The executive committee, then, functions as an extension of the board of directors. They are the board’s eye and ears when the board can’t gather in full. Board members are voted into the executive committee, which usually comprises three to seven members. These members act when the entire board can’t; they make decisions in between meetings and resolve any urgent issues facing the organization.
Though the executive committee meets frequently and independently, they’re still ultimately accountable to the board. They should submit regular meeting minutes, documentation and a record of votes to the board of directors.
Who Should Be On the Executive Committee?
The Business Dictionary defines the executive committee as a “group of directors appointed to act on behalf of, and within the powers granted to them by, the board of directors. Typically, it consists of a chairperson, vice-chairperson, secretary, and treasurer.”

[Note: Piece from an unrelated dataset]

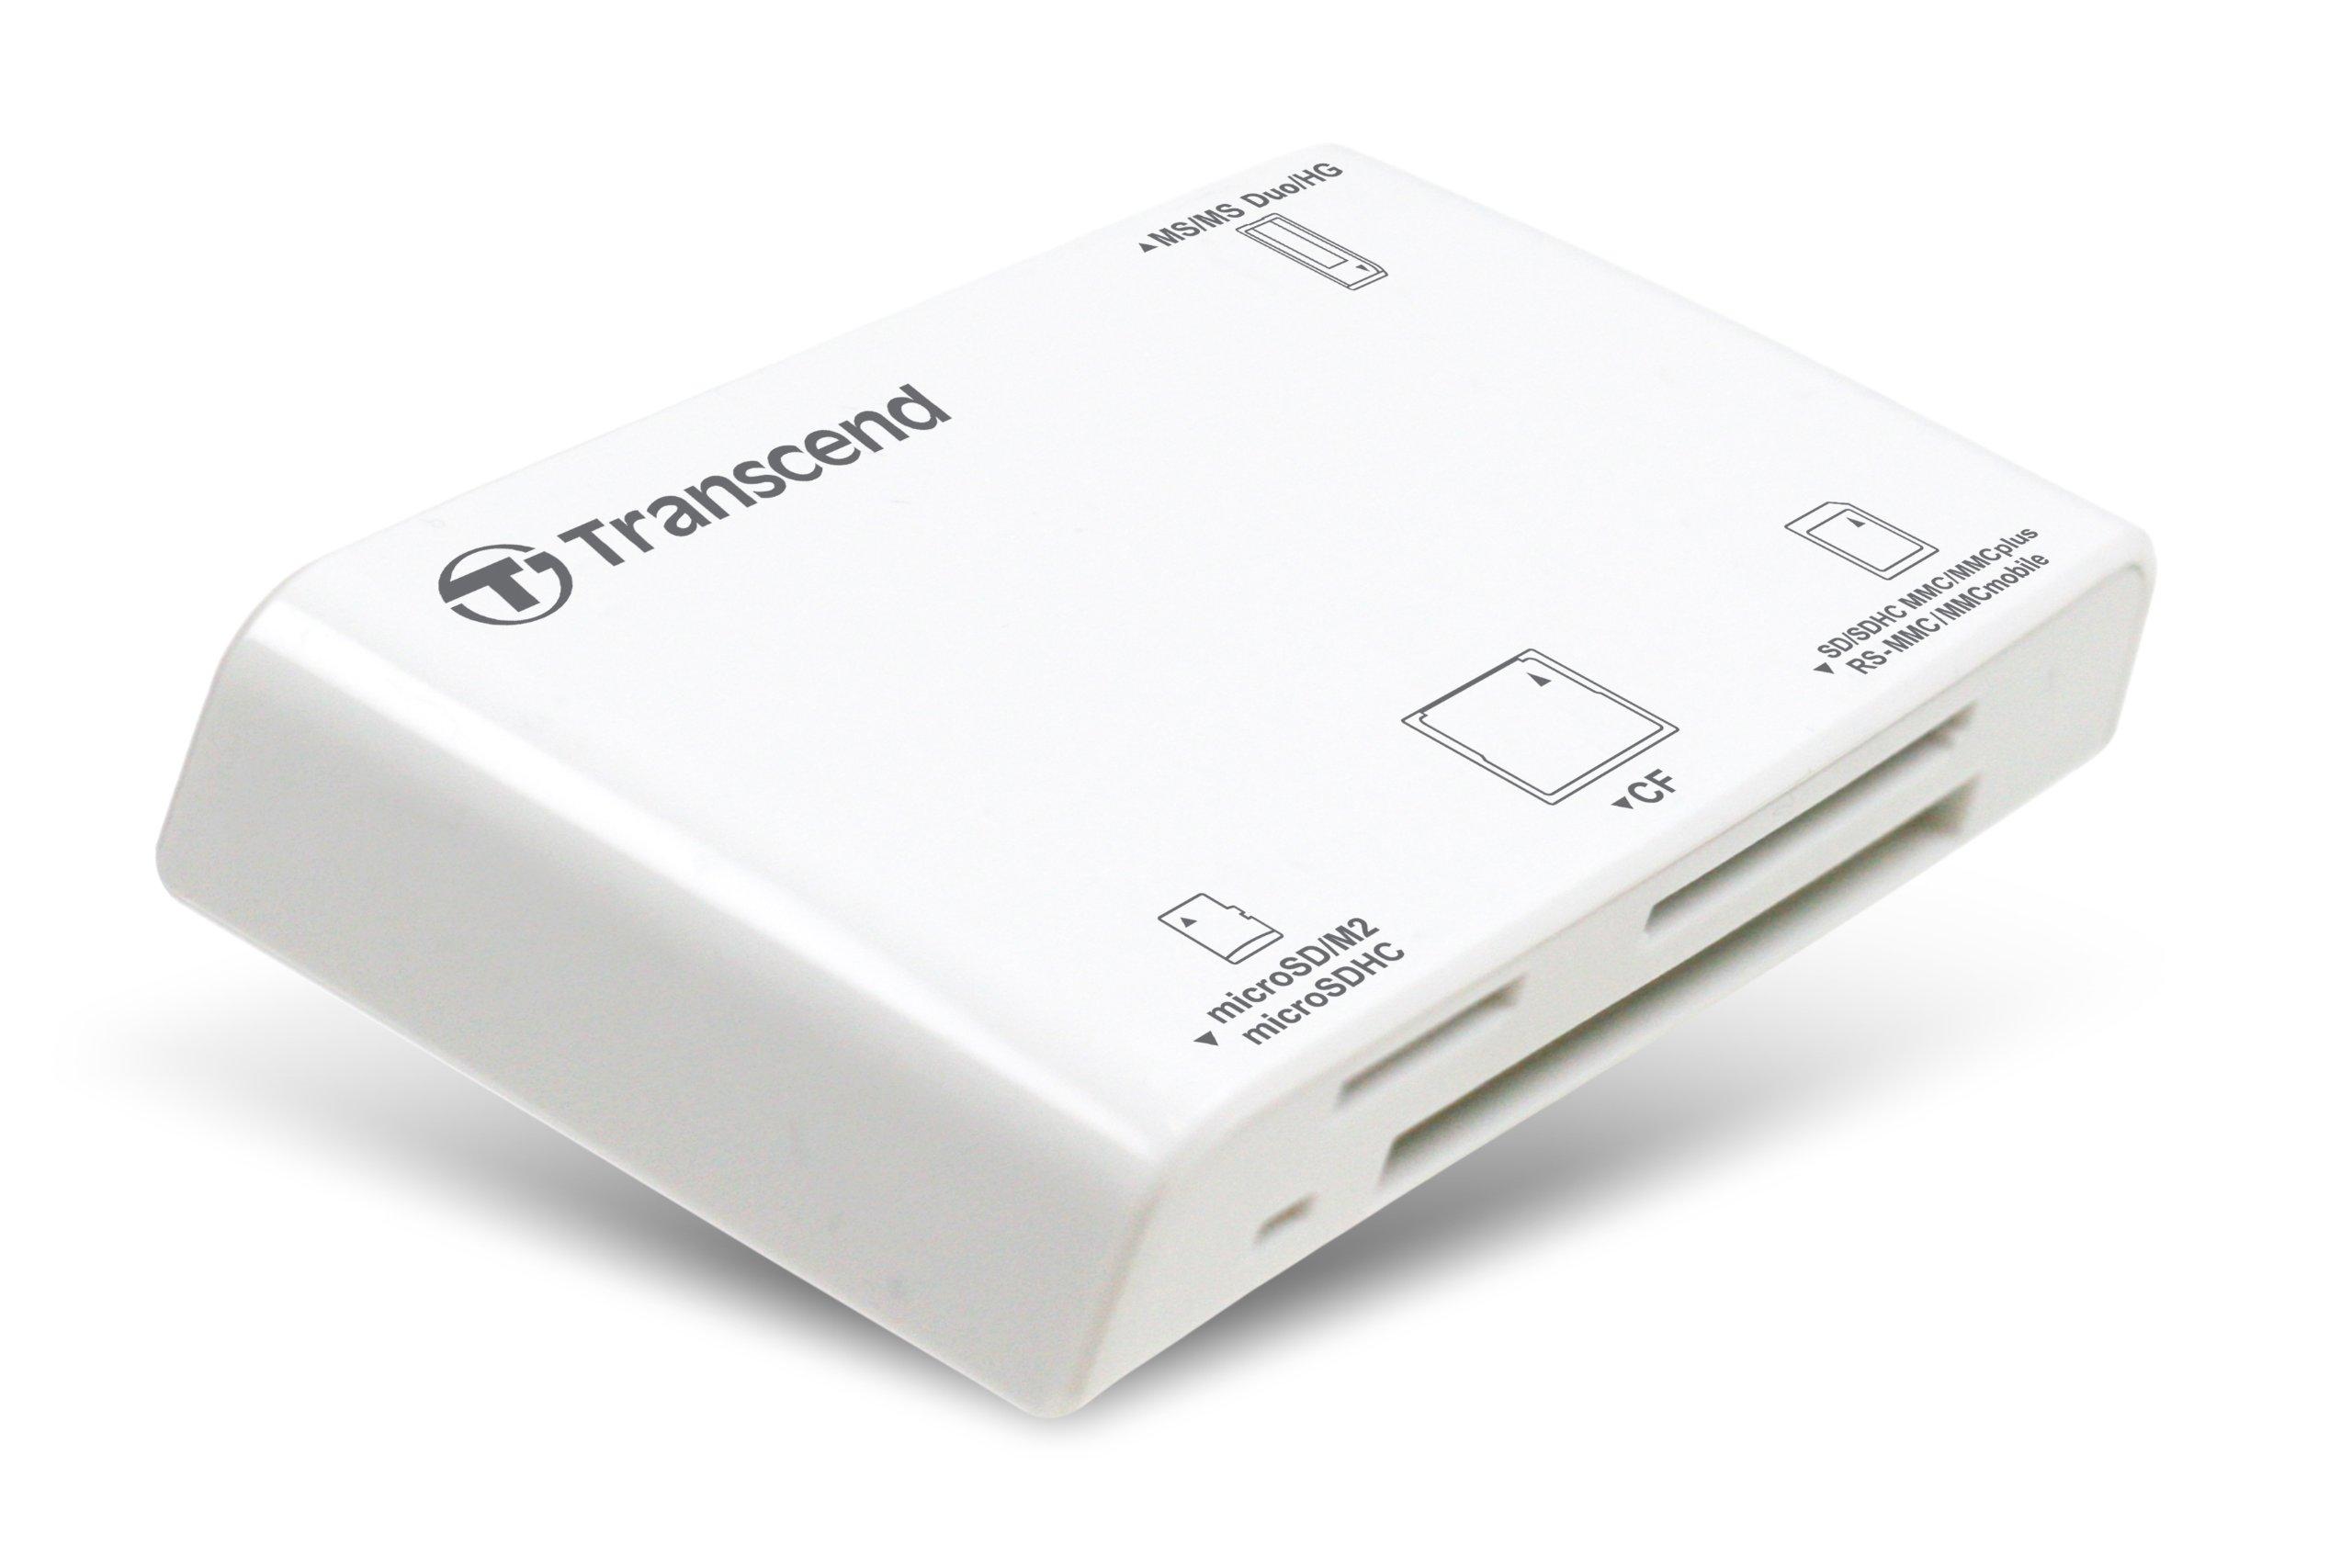 Transcend P8 15-in-1 USB 2.0 Flash Memory Card

- Chairperson: The chief officer of the board oversees both the board of directors and the executive committee. This is who will appoint other committee chairs, and they’ll also act as the board spokesperson. Alongside the CEO, the chairperson ensures all board activities align with company goals.
- Vice-chairperson: The vice-chair is the executive committee’s second-in-command. They both assist the chairperson and stand in for the chair when they cannot be present. Vice-chairs tend to wear many hats, since they also serve on other board committees, as needed.
- Secretary: Just like the board of directors, the executive committee secretary is charged with maintaining documentation, including meeting minutes. They keep minutes, maintain a committee calendar and ensure all members have access to board documents. Some executives also look to their secretary to help uphold good governance among all board members.
- Treasurer: The treasurer oversees all things finances, including bank accounts and tax forms. They’ll also work with the CEO to prepare and present to the board an annual budget. In addition to the executive committee, the treasurer also serves as the chair of the finance committee.
Appointing an Executive Committee
The composition of the executive committee includes senior-level executives and board officers. The organization's bylaws spell out exactly who serves on the executive committee. Typically, all of the officers of the board are invited to serve as executive committee members, along with the corporation's President or CEO.
Most executive committees are fairly small, with three to seven members. In some corporations, the board chair appoints the members of the executive committee, but, usually, the board appoints the members.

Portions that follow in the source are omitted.